Greens Senator Sarah Hanson-Young has called a hearing for February 9, with banking executives, the communications watchdog and executives from Telstra and TPG set to give evidence as part of the ongoing probe into last month’s disruption.
Optus chief executive Kelly Bayer Rosmarin was the first major casualty of the Senate committee hearings, falling on her sword in November after presiding over two high-profile telco disasters within 13 months.
Other executives will be in the spotlight as the Senate weighs how to ensure an outage of that magnitude will never be repeated, a process that will probably lead to new rules for the sector.
The 16-hour outage blocked more than 200 emergency triple-zero calls and shut down rail networks as well as hospital communications services.
The telco said the outage was the result of a routine software upgrade from its own parent company, Singtel, that took its network offline and forced staff to physically reboot services. The cause of the outage was first revealed by this masthead.
“We will look to call the other big telco companies and the corporate regulator to give evidence, along with a number of the big banks whose services were impacted by the Optus fail,” Hanson-Young said.
“Access to data and online services is a part of our everyday lives. Australians deserve to know that when something goes wrong, there is a plan in place for accessing these essential services.”
Hanson-Young said communications regulator ACMA will probably be asked to front the committee hearing, as will competition and consumer regulator the ACCC, the Telecommunications Industry Ombudsman and the federal communications department.
“The lives and livelihoods of millions were acutely disrupted by the Optus outage on November 8. It was unacceptable that people were unable to call 000 or access other essential services,” she said.
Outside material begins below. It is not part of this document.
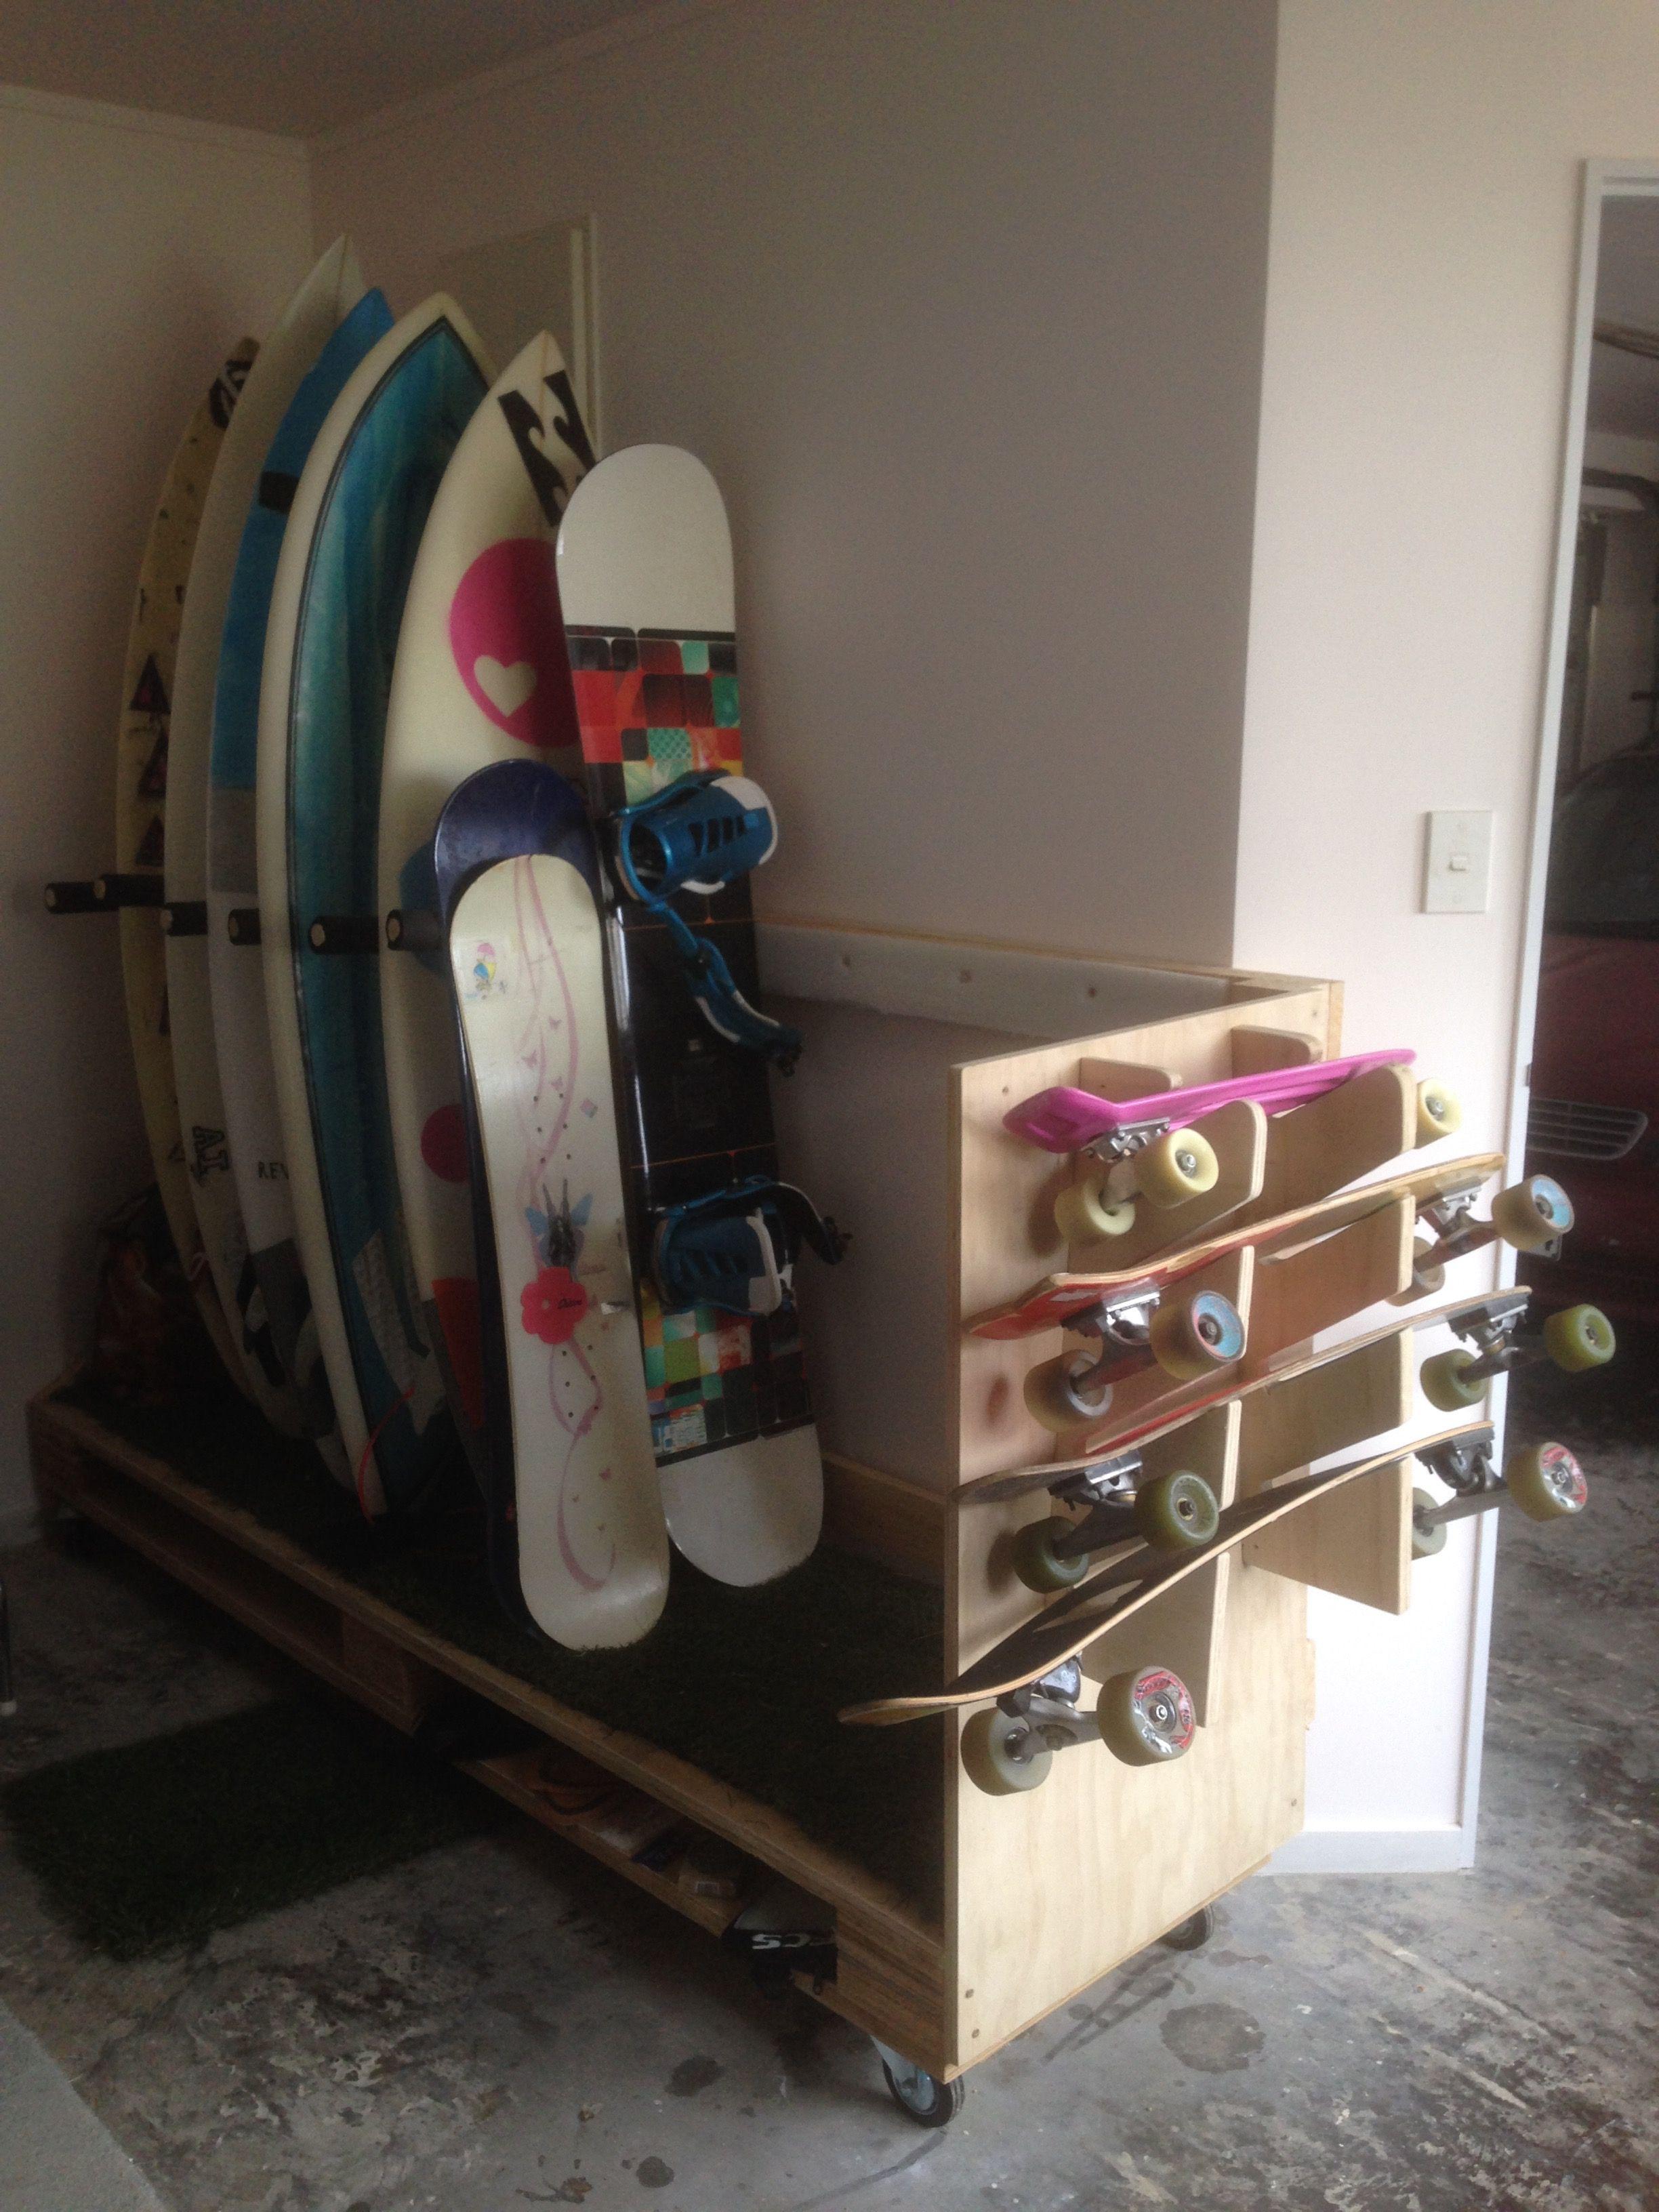 Diy Surfboard Snowboard Skateboard Storage Stand Made

“The inquiry will be looking for solutions and assurances from telco corporations and regulators that they are doing everything possible to protect the public from future outages.
“Australians need to be able to call 000 in an emergency and access other essential services, regardless of what telco they might be with.
“The inquiry will also look into the role of the Commonwealth government in ensuring Australians have access to essential, reliable telecommunications going forward.”
Hanson-Young indicated that Optus executives would probably not be hauled before the February hearing. Bayer-Rosmarin and Optus’ managing director of networks, Lambo Kanagaratnam, faced more than two hours of questions last month.
On the day that Bayer Rosmarin resigned, November 20, Hanson-Young said that Optus’ problems ran deeper than whoever was in the top job.
Optus’ chief financial officer, Michael Venter, has been appointed interim CEO while parent company Singtel searches for a replacement.
Sources close to Optus have said that while former NSW premier Gladys Berejiklian remains a frontrunner for the position, Singtel’s board will most likely opt for an external replacement who was not there for the outage, and possibly an executive from another country entirely.
There have been calls for Singtel to consider selling its Australian subsidiary in the wake of two high-profile crises in just over a year.
“This is a woman who fronted up to the Senate inquiry last week and now has taken the ultimate responsibility for the failure. I think that shows some leadership better than some blokes are in a similar position, I might add,” Hanson-Young said last month of Bayer Rosmarin.
“We obviously now need to see Optus really restore trust with the Australian people and to fix their crisis management. It’s so clear from the evidence that we’ve seen in the Senate inquiry thus far that they just were not prepared. And they were terrible at communicating to their customers.
“I think the main thing here is to ensure that whoever takes over is actually somebody who is trustworthy, has integrity, and is able to work with government.”
Ian Martin, senior telecommunications analyst at New Street Research, said that the challenges in front of Optus are long term.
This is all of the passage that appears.